# EXERCISE DETAILS
Return each line of the data below verbatim; pictures are to be left out.

Top of SUPPLIED INFORMATION

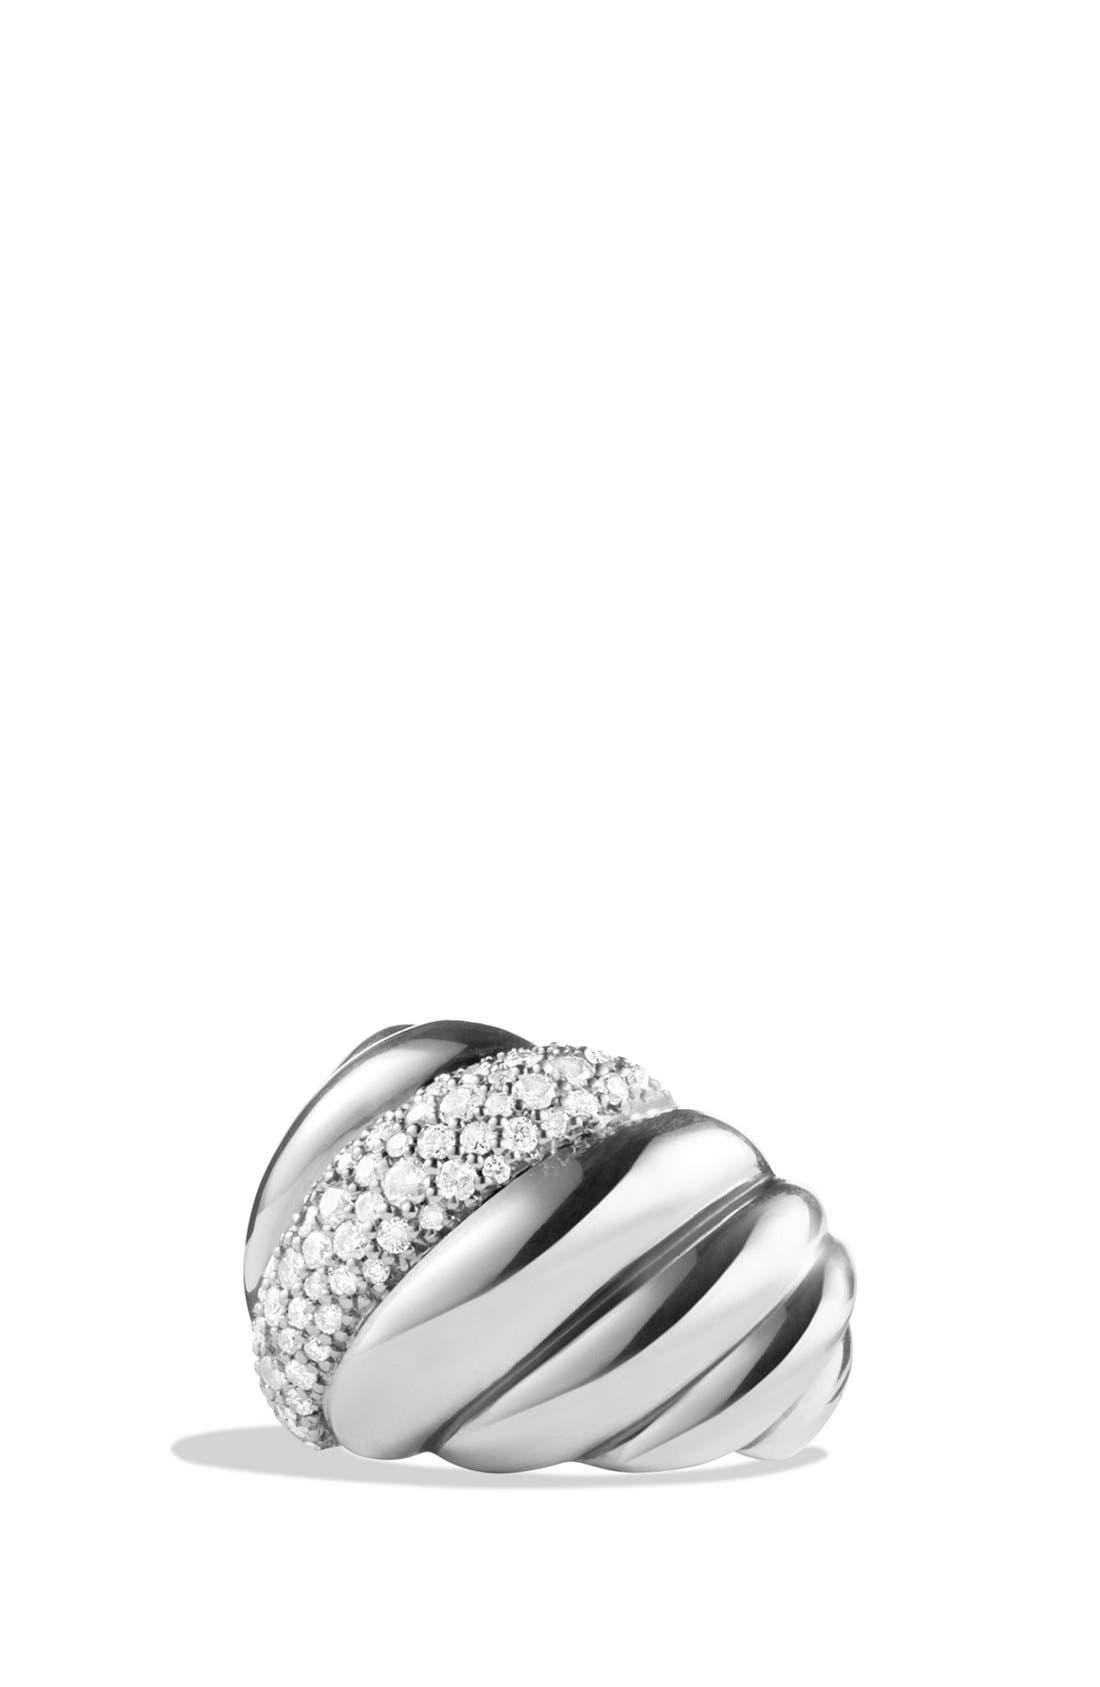 'Hampton Cable' Ring with Diamonds,                             Main thumbnail 1, color,                             041
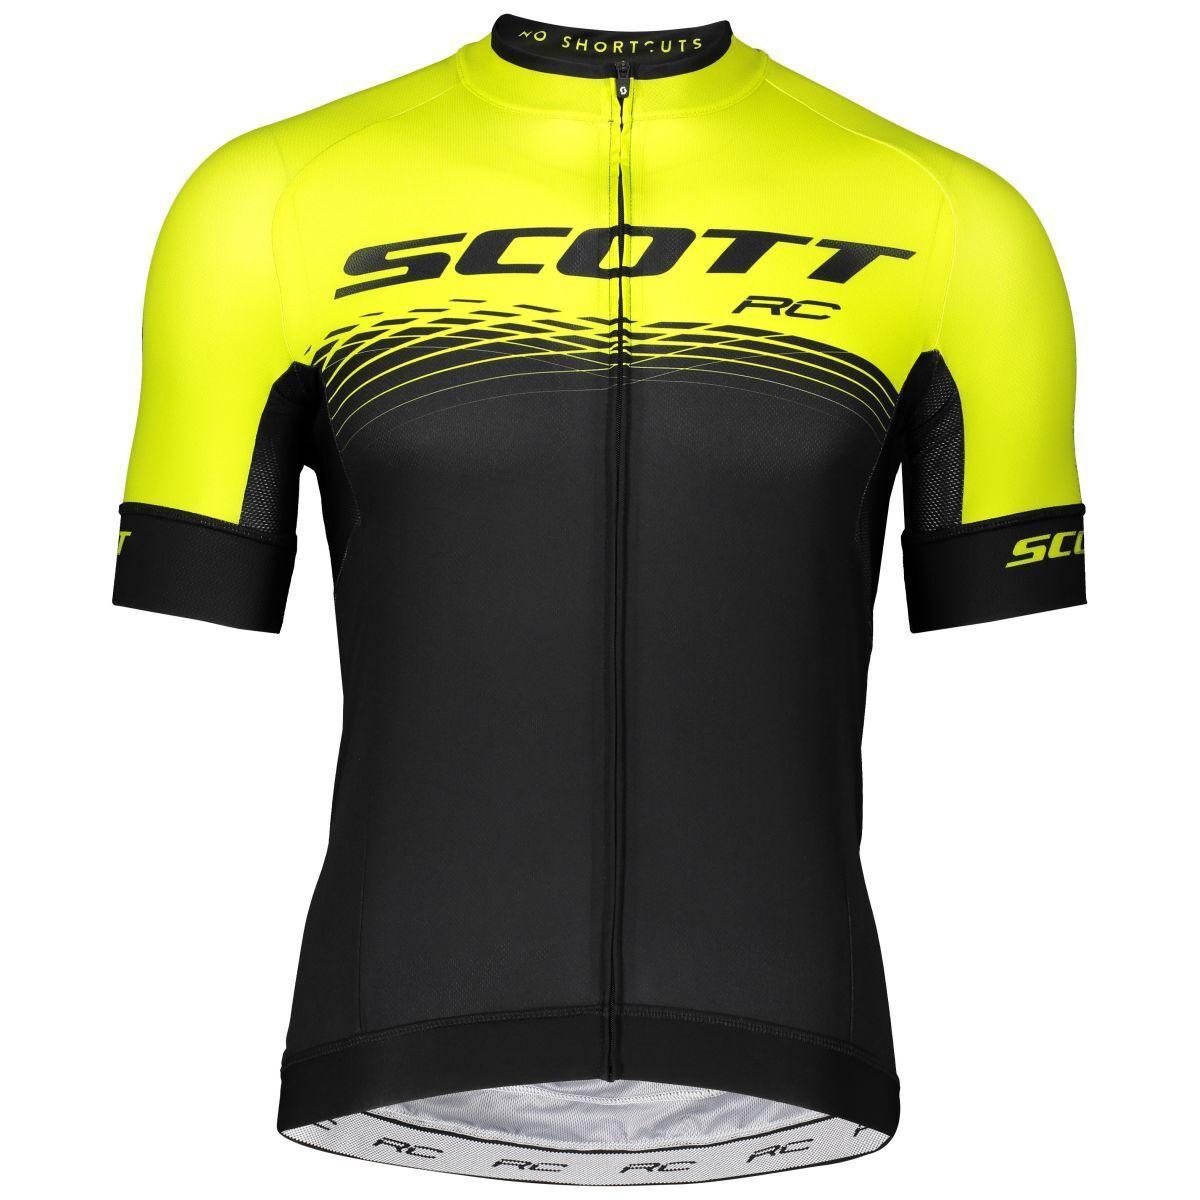 Scott RC Pro Fahrrad Trikot kurz schwarz gelb 2019
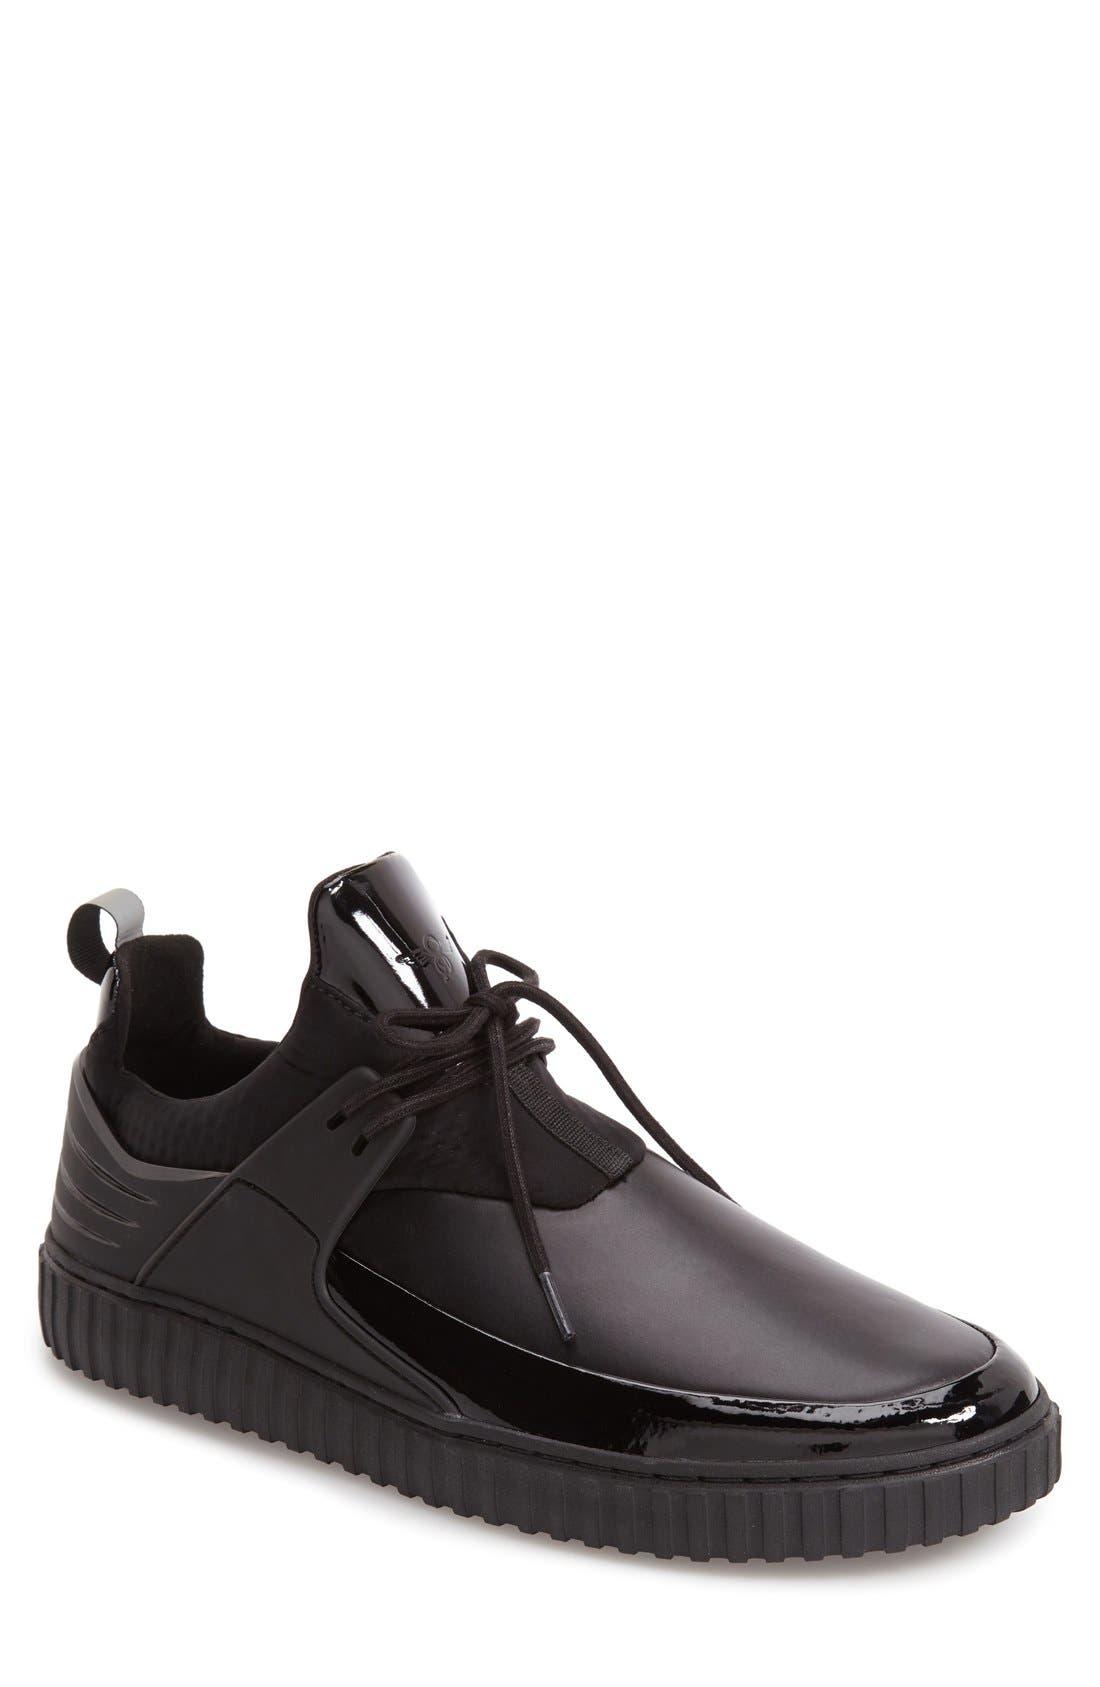 x Nick Jonas Castucci Sneaker,                             Main thumbnail 1, color,                             004
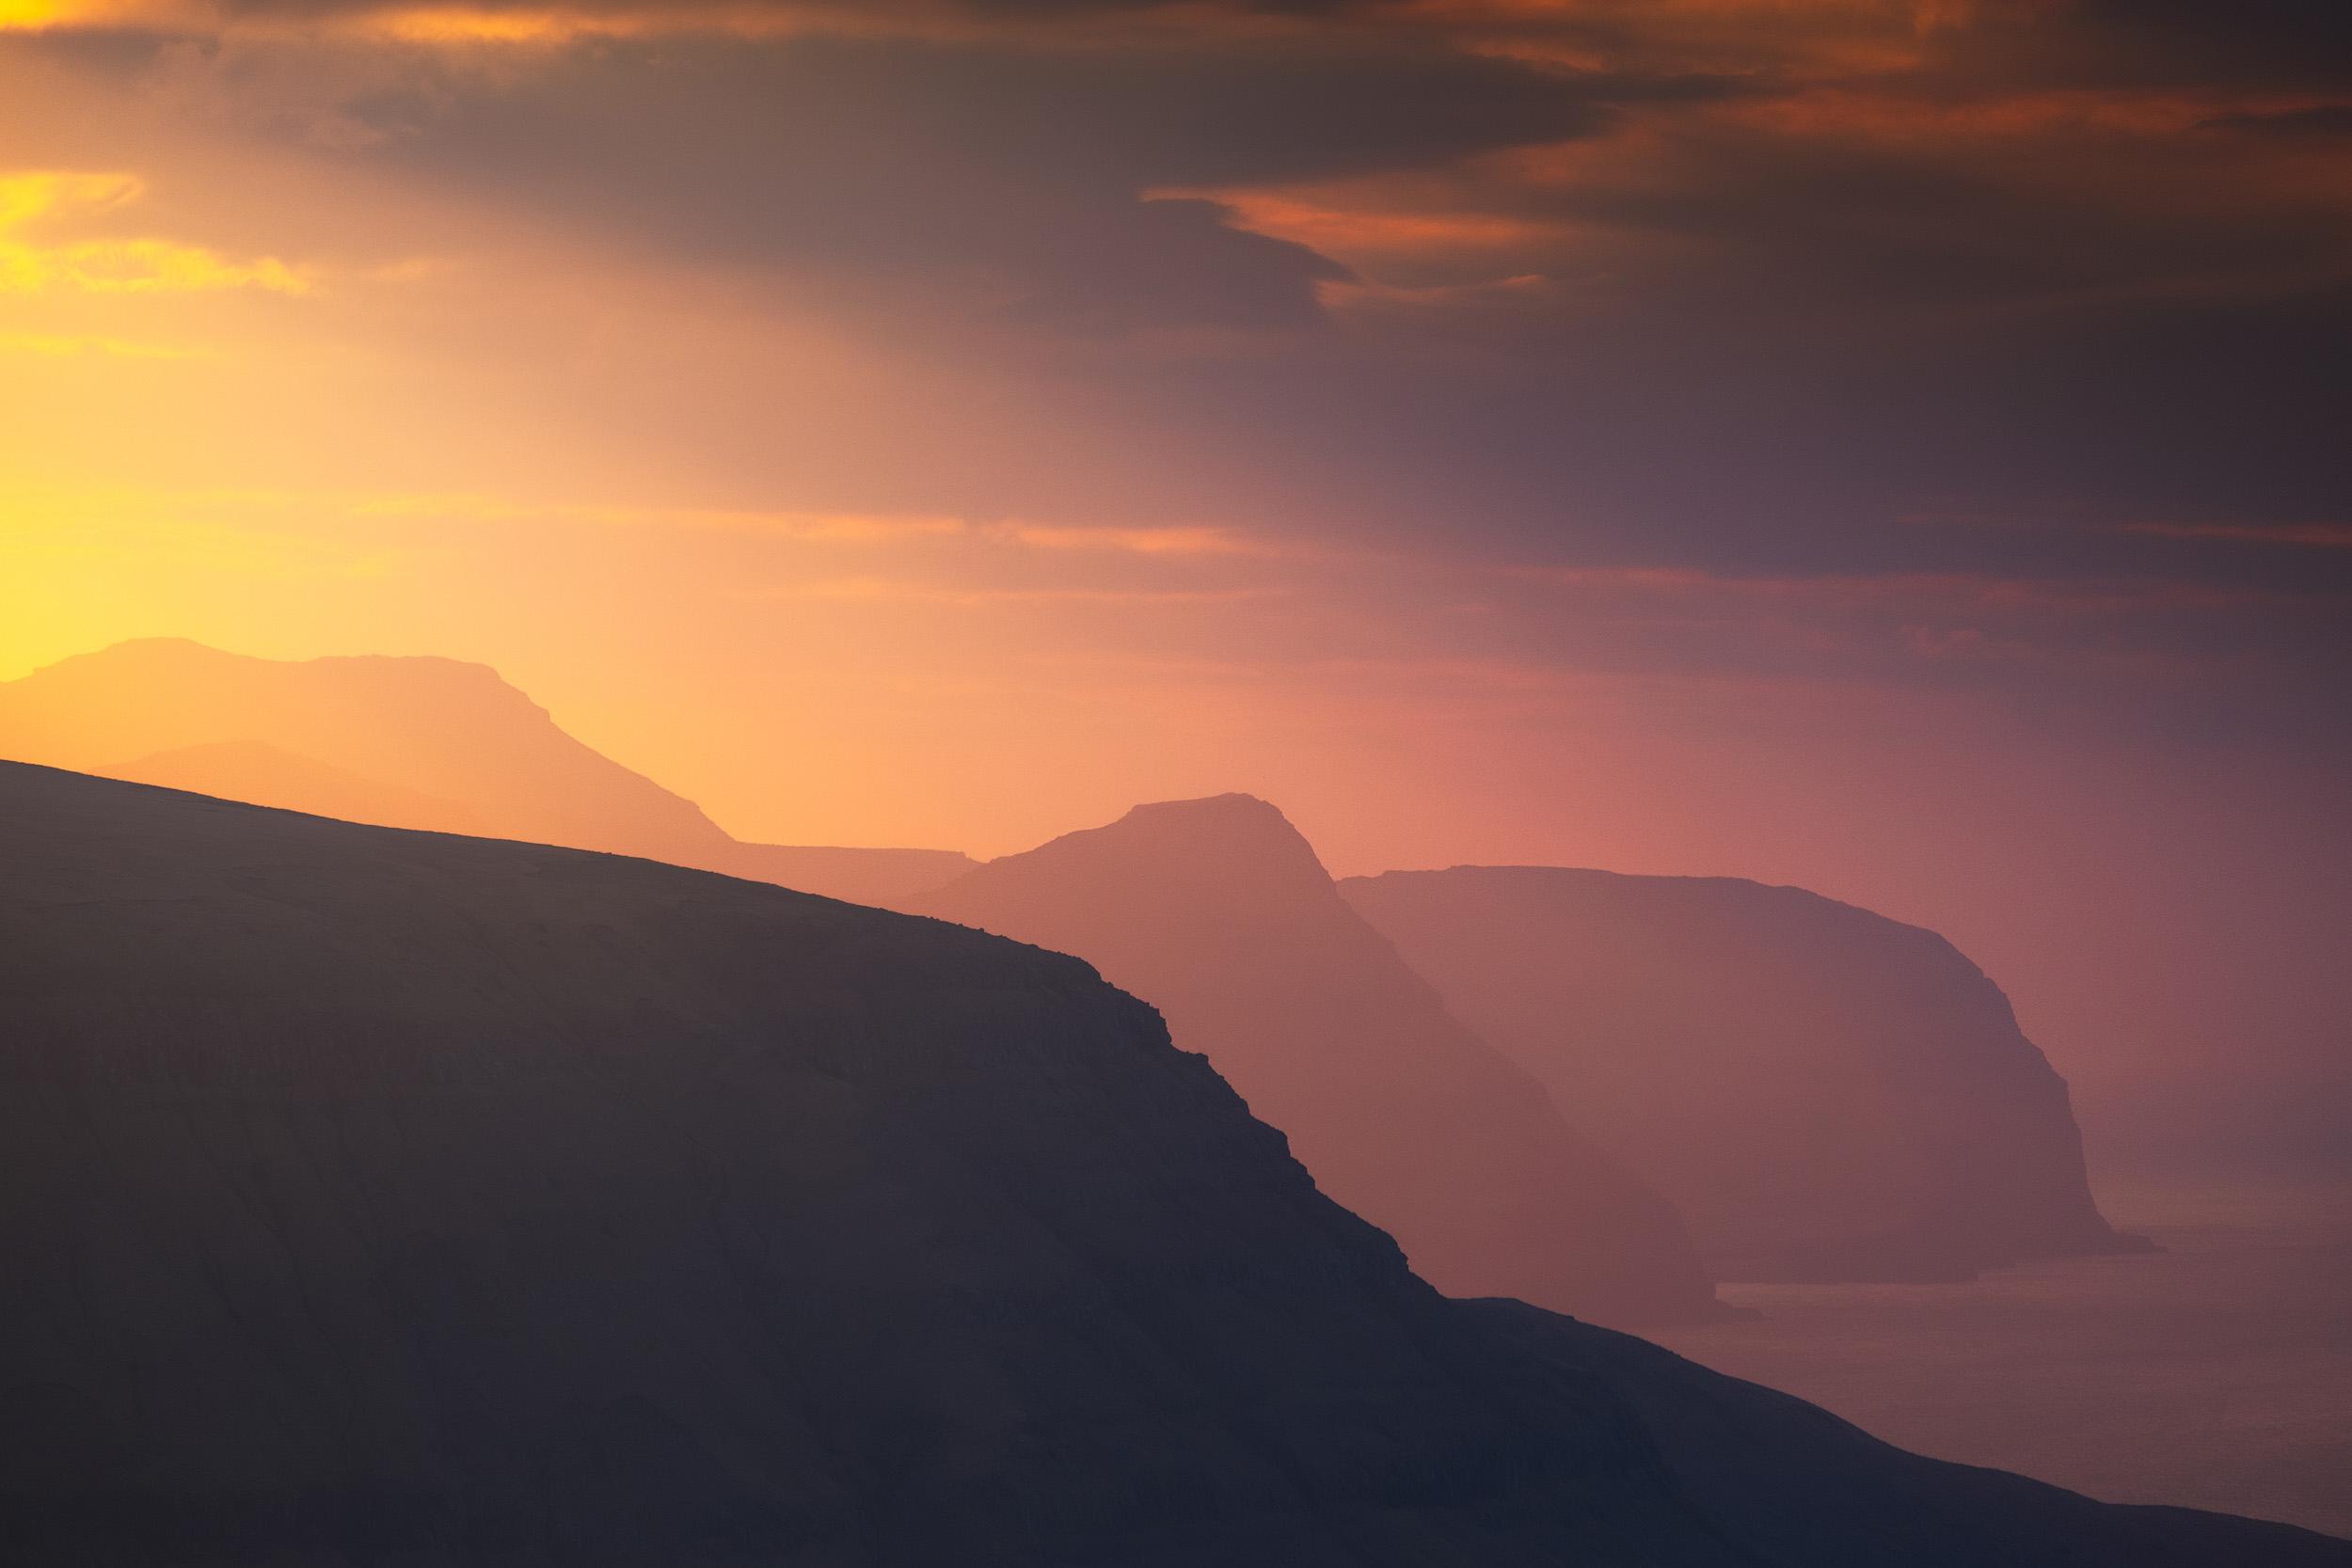 Klakkur Sunset   The last light of day above the Faroe Islands from the peak of Klakkur on Bordoy.

Bottom of SUPPLIED INFORMATION

# RESPONSE BOX
 'Hampton Cable' Ring with Diamonds,                             Main thumbnail 1, color,                             041
 Scott RC Pro Fahrrad Trikot kurz schwarz gelb 2019
 x Nick Jonas Castucci Sneaker,                             Main thumbnail 1, color,                             004
 Klakkur Sunset   The last light of day above the Faroe Islands from the peak of Klakkur on Bordoy.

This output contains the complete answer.